In a related development, Dr. Peter Lapin, reader in Arachnophobia at Bathurst TAFE, has made a major breakthrough in being the first human to establish communication with spiders.

Dr. Lapin had received details of the binary code in which the Coober Pedy space crafts’ data was recorded shortly before conducting field experiments with the newly discovered rare Arachnis Pittoiletis species of spiders. Dr. Lapin had noted that whenever Andrew Murrell was playing loud music on the western observing field at Wiruna, the spiders stopped whatever they were doing, and broke into what appeared to be line dancing. He soon realised though, that they were leaving in the dust, footprints in a series of dots and dashes amounting to the same binary code discovered in the space craft at Coober Pedy, translation of which revealed that these arachnids had been selectively bred by the Philosoraptures to assist in insect control. The insects of most concern were the Paleomega Ticks, whose bites injected an enzyme resulting in sterility in most species of Dinosaurs, and of itself, and threatened extinction of the genus even before the intervention of the asteroids.

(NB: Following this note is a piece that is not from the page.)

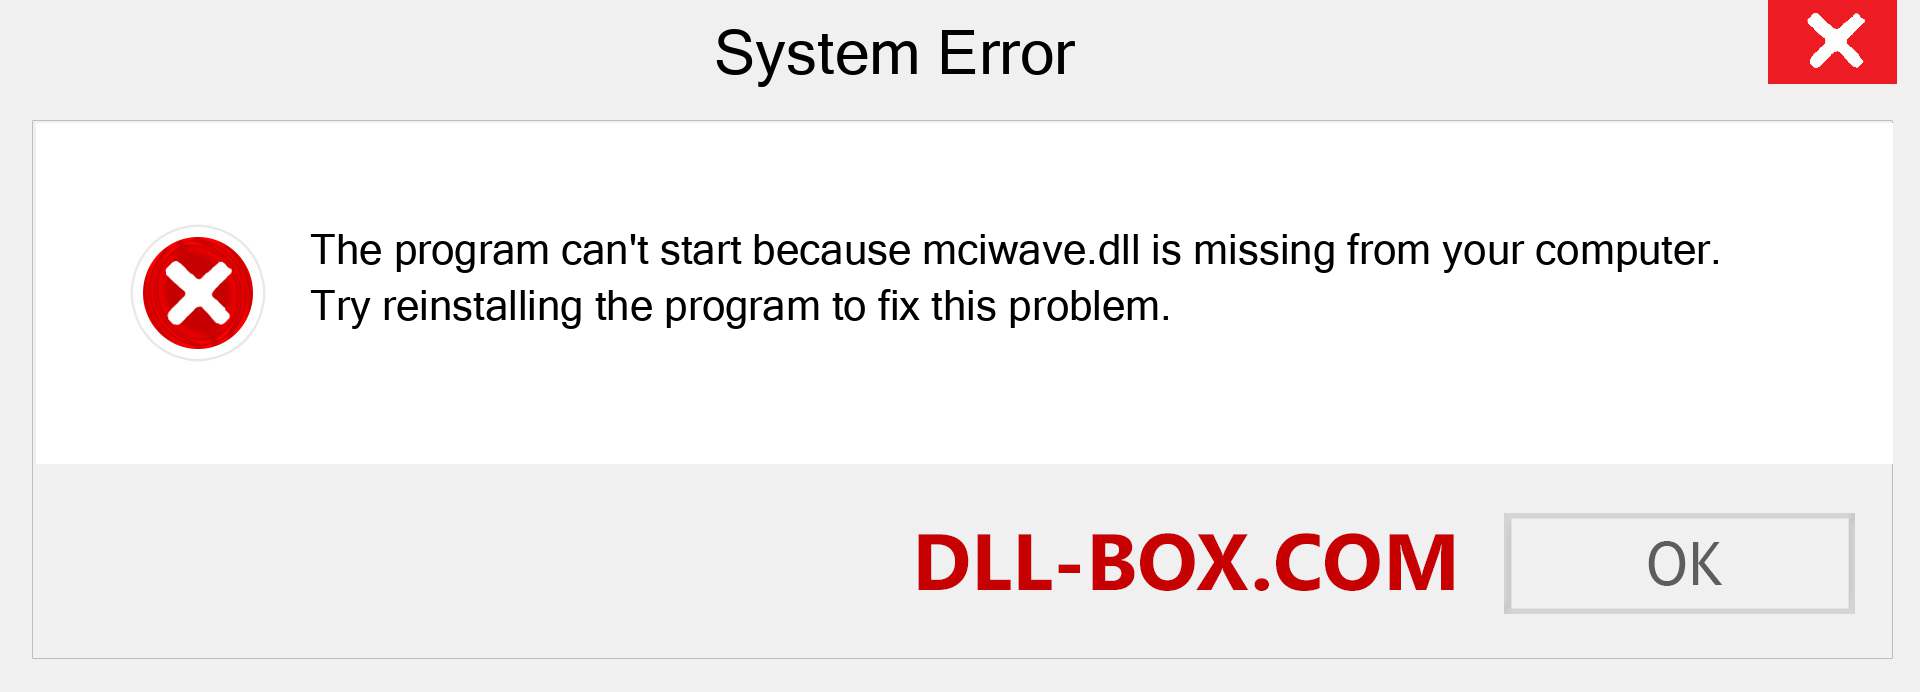  mciwave.dll file is missing?. Download for Windows 7, 8, 10 - Fix  mciwave dll Missing Error on Windows, photos, images

The Line Dancing Spiders’ Lead Dancer posing for a photograph The spiders were moderately telepathic, enabling co-operation in tapping out elaborate messages, and for several million years had been unsuccessfully attempting communication with Kangaroos, which were bipeds of around Philosorapture size and posture. They avoided Emus though, being spider eaters.

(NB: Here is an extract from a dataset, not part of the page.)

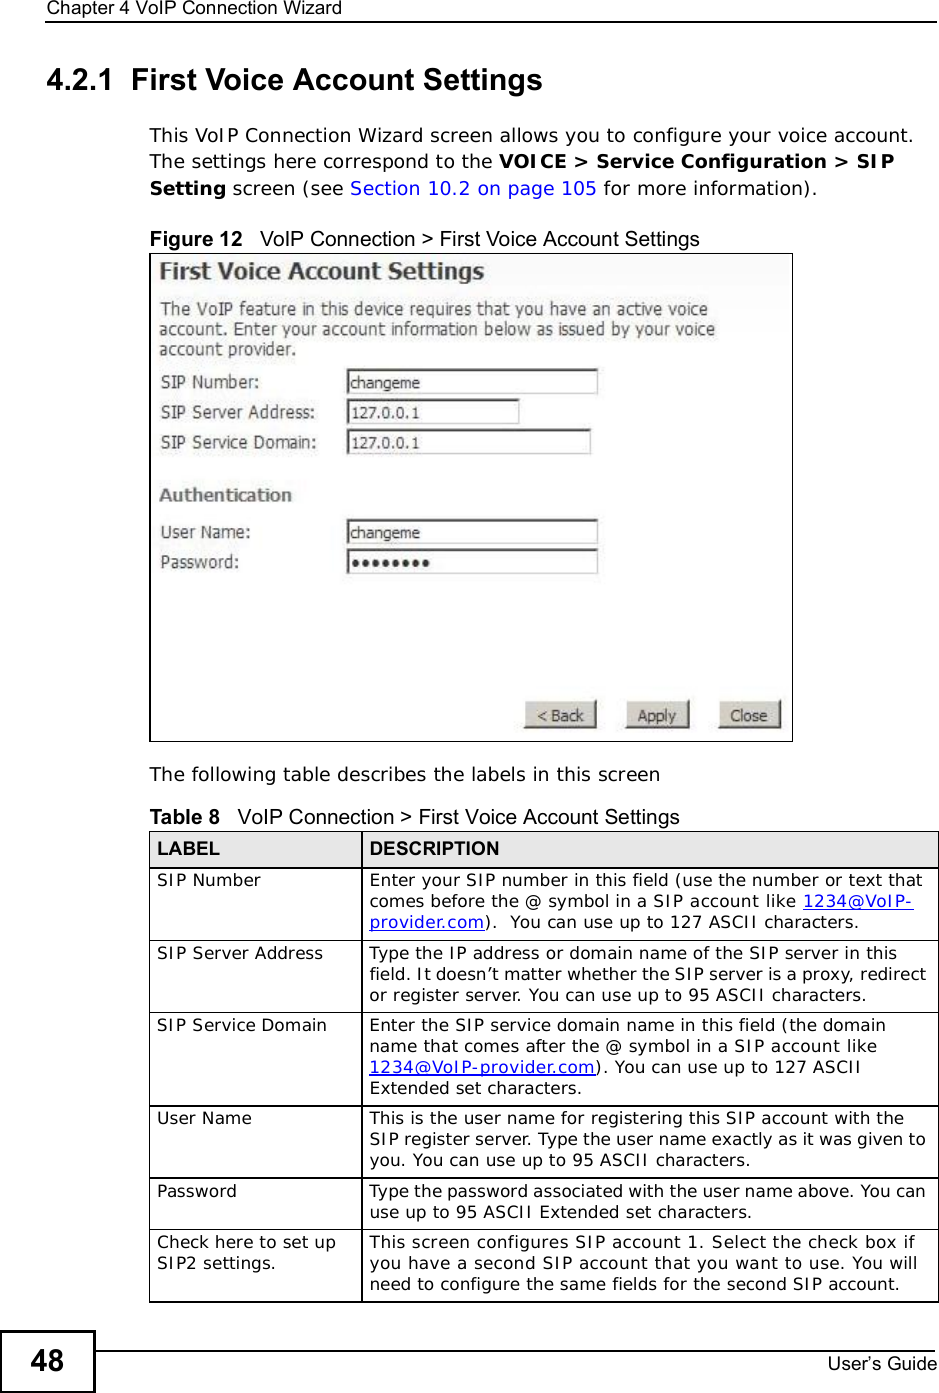 Chapter 4VoIP Connection WizardUser s Guide484.2.1  First Voice Account SettingsThis VoIP Connection Wizard screen allows you to configure your voice account. The settings here correspond to the VOICE &gt; Service Configuration &gt; SIP Setting screen (see Section 10.2 on page 105 for more information).Figure 12   VoIP Connection &gt; First Voice Account SettingsThe following table describes the labels in this screenTable 8   VoIP Connection &gt; First Voice Account SettingsLABEL DESCRIPTIONSIP NumberEnter your SIP number in this field (use the number or text that comes before the @ symbol in a SIP account like 1234@VoIP-provider.com).  You can use up to 127 ASCII characters.SIP Server AddressType the IP address or domain name of the SIP server in this field. It doesn’t matter whether the SIP server is a proxy, redirect or register server. You can use up to 95 ASCII characters.SIP Service DomainEnter the SIP service domain name in this field (the domain name that comes after the @ symbol in a SIP account like 1234@VoIP-provider.com). You can use up to 127 ASCII Extended set characters.User NameThis is the user name for registering this SIP account with the SIP register server. Type the user name exactly as it was given to you. You can use up to 95 ASCII characters.PasswordType the password associated with the user name above. You can use up to 95 ASCII Extended set characters.Check here to set up SIP2 settings. This screen configures SIP account 1. Select the check box if you have a second SIP account that you want to use. You will need to configure the same fields for the second SIP account.

Messages could be sent to the spiders in the form of musical scales, which were produced by Scott Muesli, Curator of Spiders from the Australian Museum, by varying the pitch of his chainsaw in the eastern observing field at Wiruna. The spiders have already been promised two rabbits per week, in return for keeping the under side of the pit toilet seats clear of Red-Back spiders, who traditionally sought out such places to protect themselves from asteroid impacts, in a demonstration of long lasting ancestral memory.

The ancestors of this small group had survived the nuclear winter following on the asteroid impact, by feeding on a Brontosaurus preserved in permafrost for 122 years.

To keep them happy, they have been told that the new re-enforced concrete slabs over the quadraphonic neutrino detector, are actually asteroid shelters constructed for their benefit - which, in a sense, is literally true, if only as a second usage.

Dr. Lapin is continuing a dialogue drawing on the spiders traditional history to try to cross-relate events as recorded by them to Geological and Anthropological history. One interesting discovery, was their story about the first Australians, some 60,000 years ago, had actually invented the telescope. This knowledge was lost when Australia slipped from being a green and well-watered land, to a desert in which survival was desperate and marginal. The didgeridoo, they reported, was a lensless memory of the original instrument, amongst a society which had lost touch with its original technology - the didgeridoo thus being used to amplify sound nowadays rather than light.

The Curator of Spiders, Mr Muesli, has been fine tuning his chainsaw in anticipation of further discoveries.